"Врата сокровищницы своей отворяю..." | страница 33
Впрочем, для солдата главное то, как он воюет, а не то, как рассказывает.
Хуже, если такое случается с литературой, с писателем. Скольким, даже из тех, кому хватало фронтовой храбрости, впоследствии недоставало смелости, правдивости литературной.
Однако и здесь есть рубеж, до которого и после которого — разная степень «нравственной вины». Рубеж этот — Лев Толстой, его военная правда, человеческая правда.
Действительно, партизанские, военные записки Дениса Давыдова мы читаем, воспринимаем как «дотолстовские», и тем самым наша требовательность к литературной смелости, правдивости, искренности этого легендарного храбреца 1812 года отнюдь не такая жестокая и бескомпромиссная, как в отношении ко многим произведениям последующим.
А с нашей послевоенной литературой о Великой Отечественной войне — разве не так было, что она через Толстого, возвращаясь к нему, лучше прочувствовала и осуществила свою задачу — стать новым словом о человеке на войне.
Максим Горецкий, вся литература о первой мировой войне, которая отмечена именами Барбюса, Арнольда Цвейга, Олдингтона, Ремарка, Хемингуэя, Лебеденки («Тяжелый дивизион») и других — литература, творцы которой, прежде чем попасть в окопы и на боевые позиции, уже пережили Аустерлиц, Бородино, Севастопольскую оборону...
Потому что уже был Лев Толстой.
Левон Задума Максима Горецкого, попав в армию, на приветствие командира ответил «здравствуйте». Довелось перед специальным столбом, вкопанным посреди двора, учиться «отдавать честь»...
Классический «новичок» — в армии, на войне!
«Пули осыпают наш домик. Ветки на дереве наполовину срезаны. Командир знай крестится после каждой команды. Батарея бьет и бьет беспрестанно. Я боюсь... Вокруг нас перебегают пехотинцы. «На чердак!» — грозно рявкнул на меня командир, и все он крестится. Опять ползу на чердак, как загипнотизированный; смерть так смерть, только бы не мучиться так. О нет! нет! Жить хочу!

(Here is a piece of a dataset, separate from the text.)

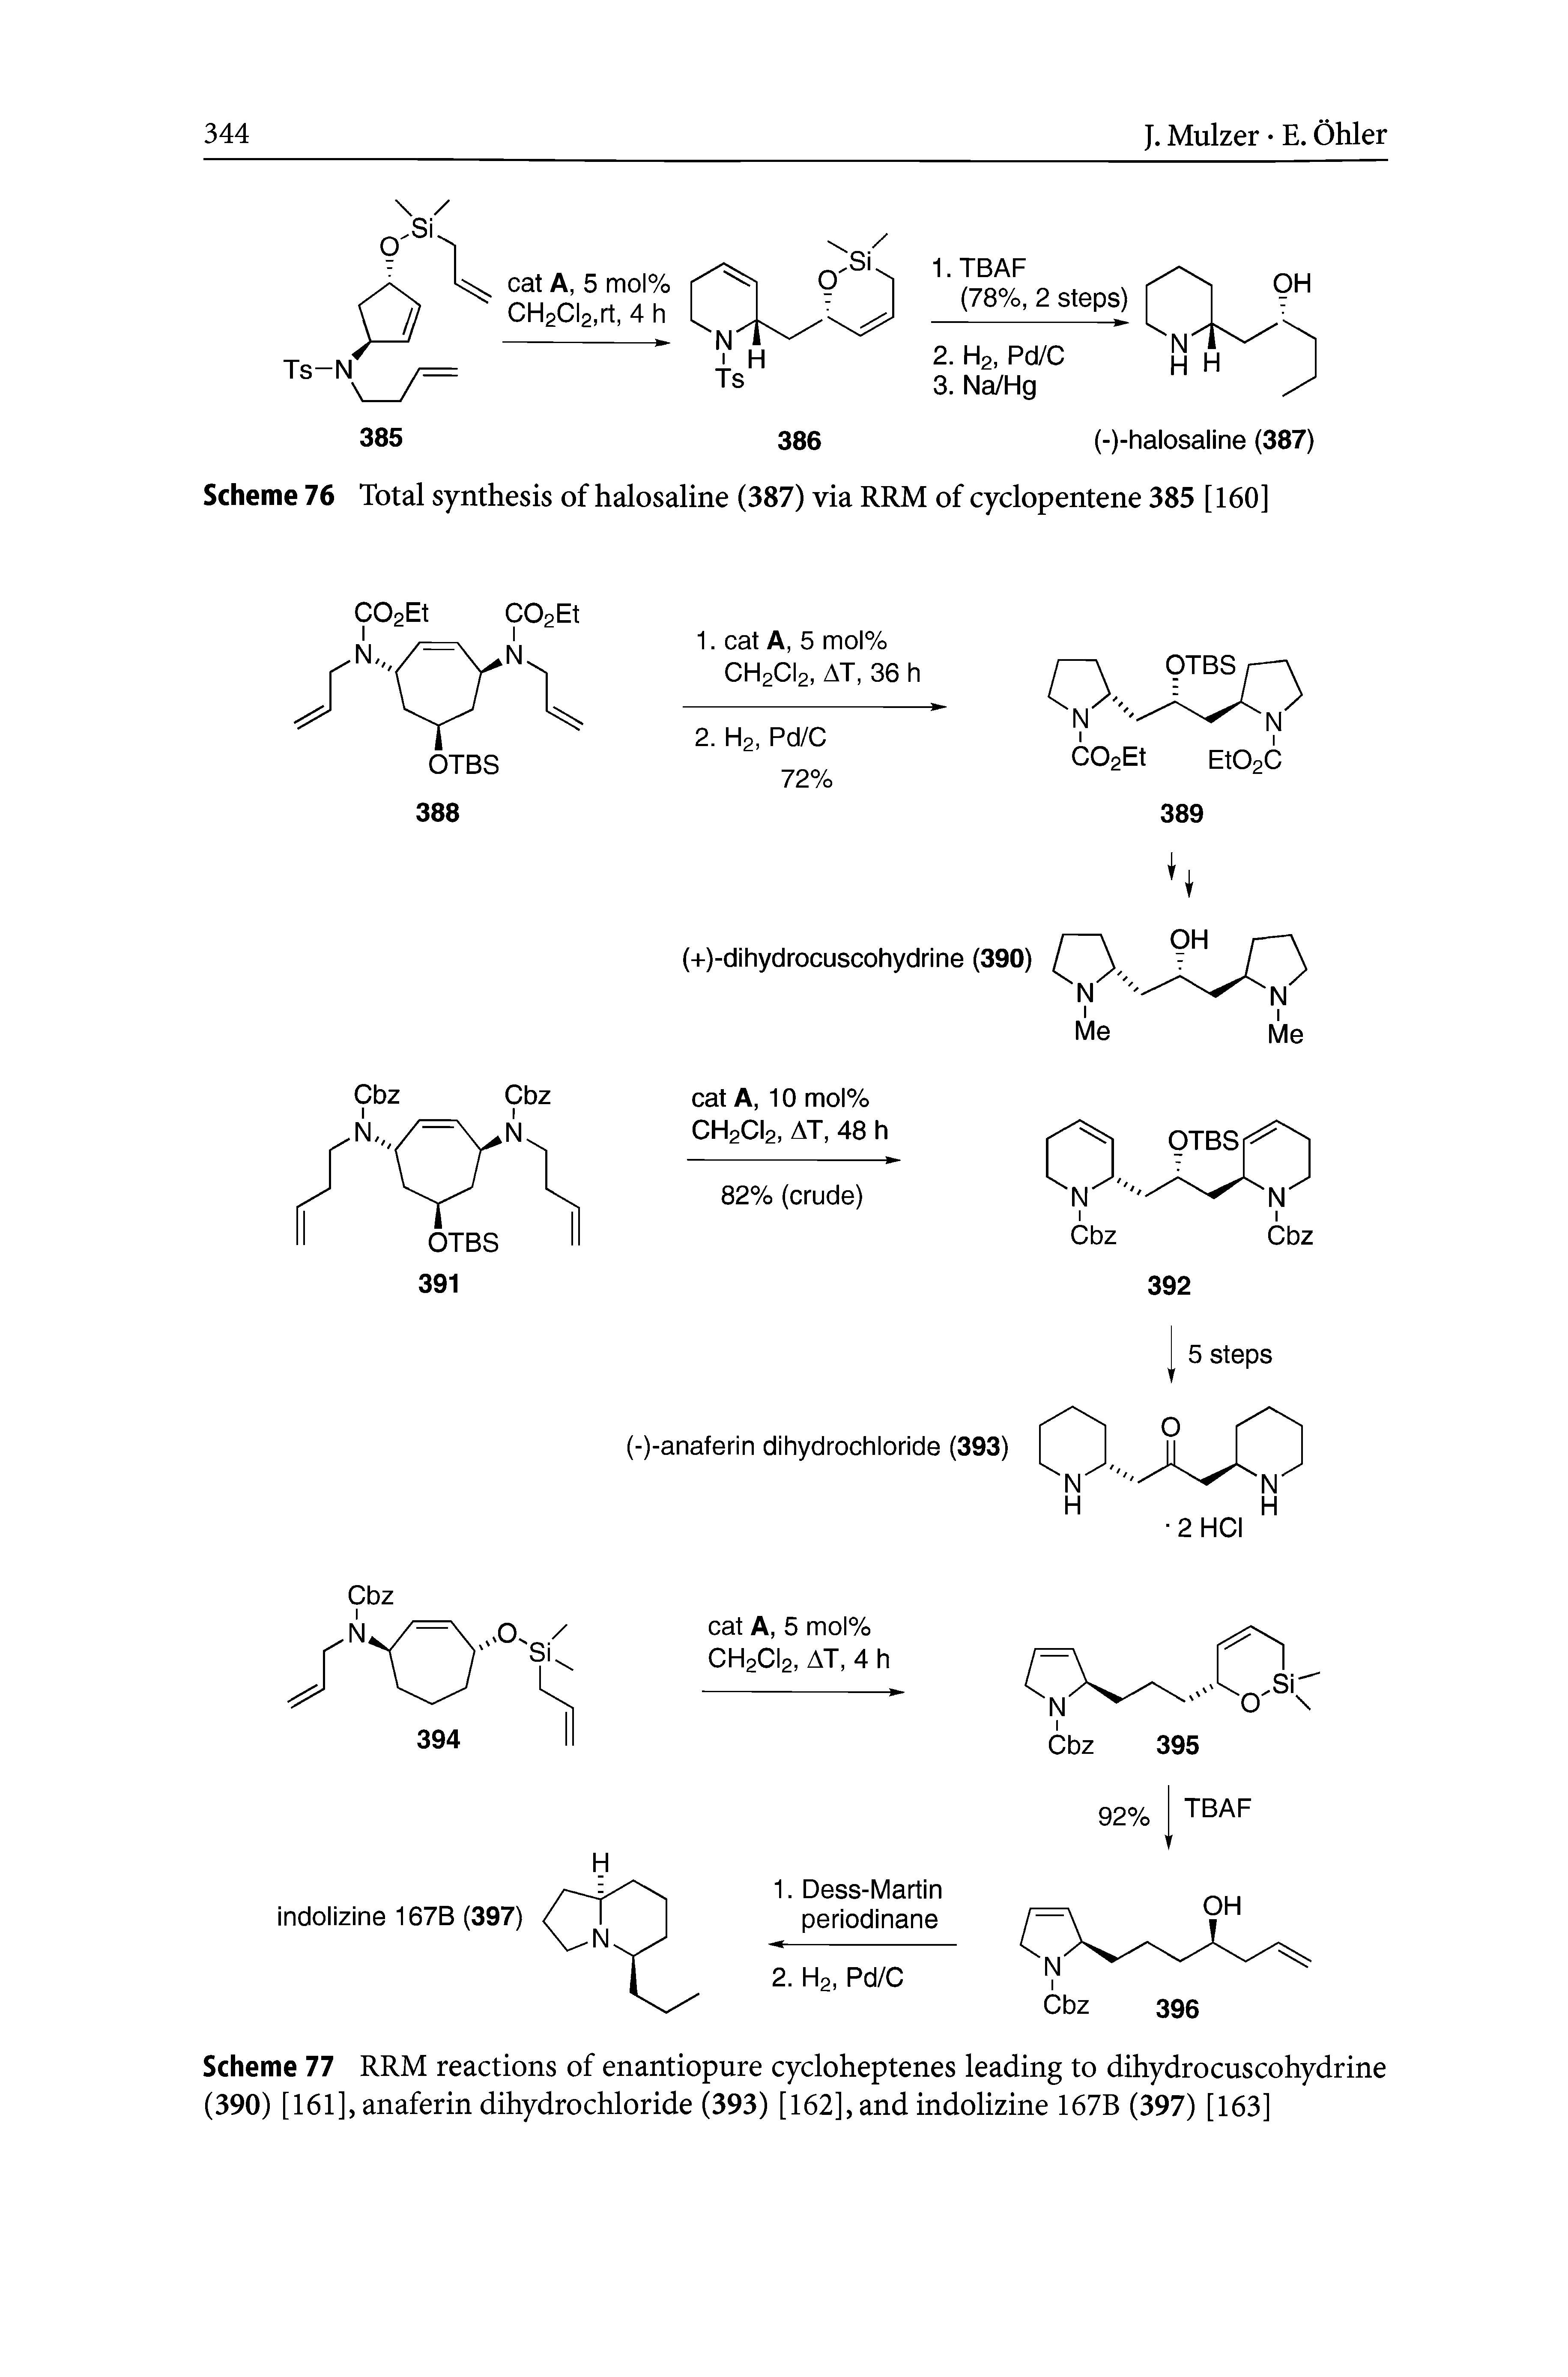 Scheme 77 RRM reactions of enantiopure cycloheptenes leading to dihydrocuscohydrine (390) [161], anaferin dihydrochloride (393) [162], and indolizine 167B (397) [163]...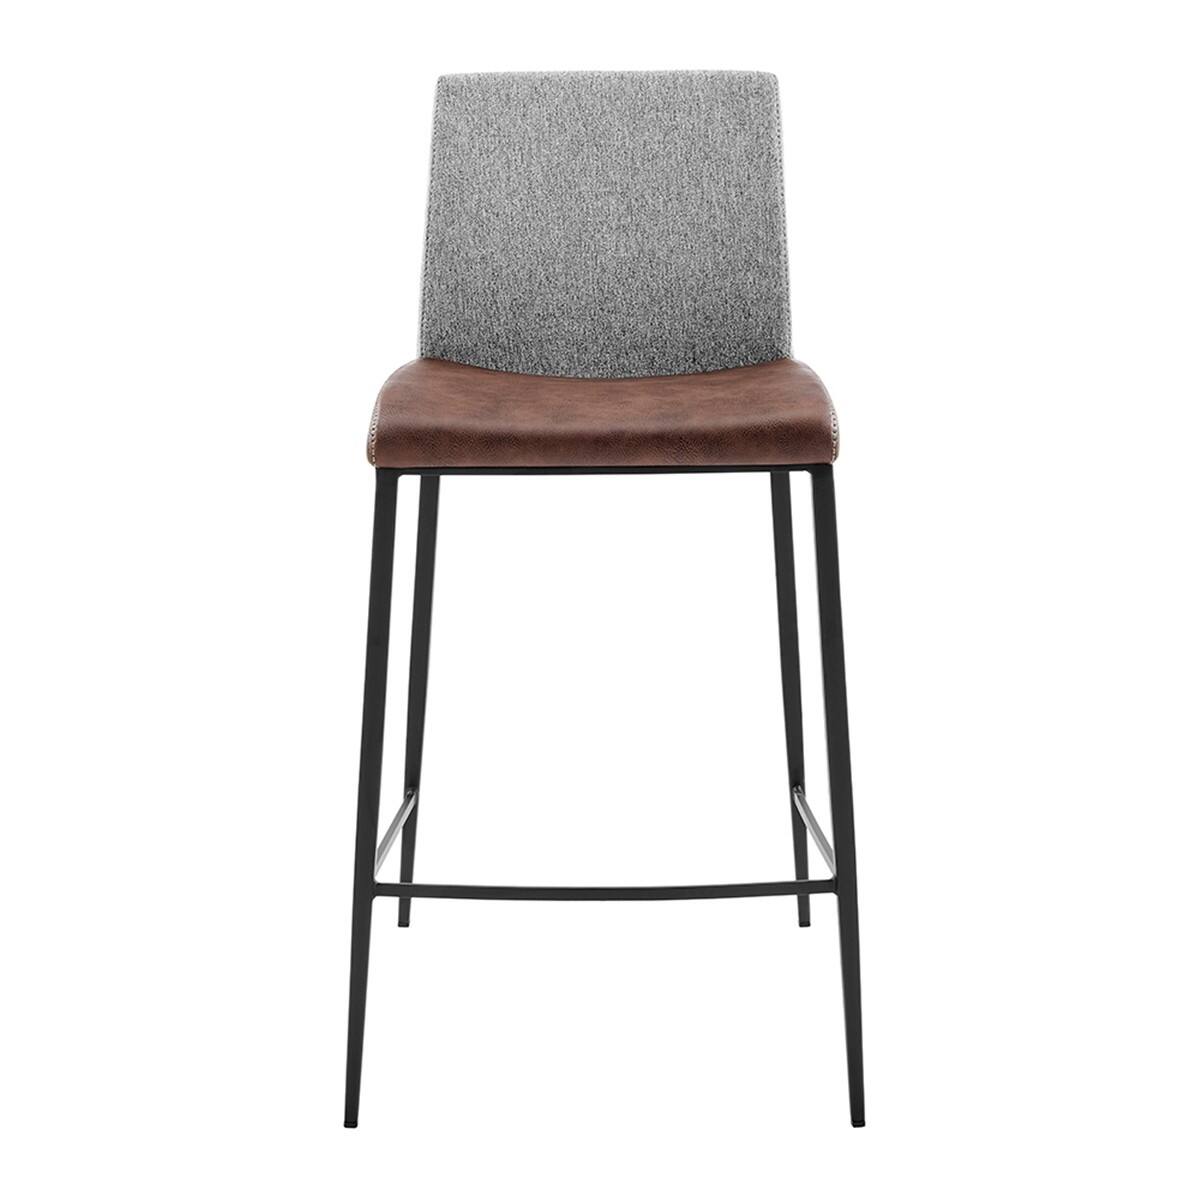 Set of Two Faux Leather and Fabric Counter Stools - 18.51

Господи, помилуй мя, грешного! — и хочется креститься, как командир, но остатки разума зябко шевелятся. А ведь пехотинцам во сто раз хуже...»
Да, Задума-Горецкий не сказать, чтобы слишком хорошо подготовлен был, когда попал в армию, на фронт. Классический новичок? Но тот новичок, который очень уж, очень много знает о войне, о самом себе на войне — словно некогда уже был и под обстрелом, и так вот боялся, и стыдился своего страха...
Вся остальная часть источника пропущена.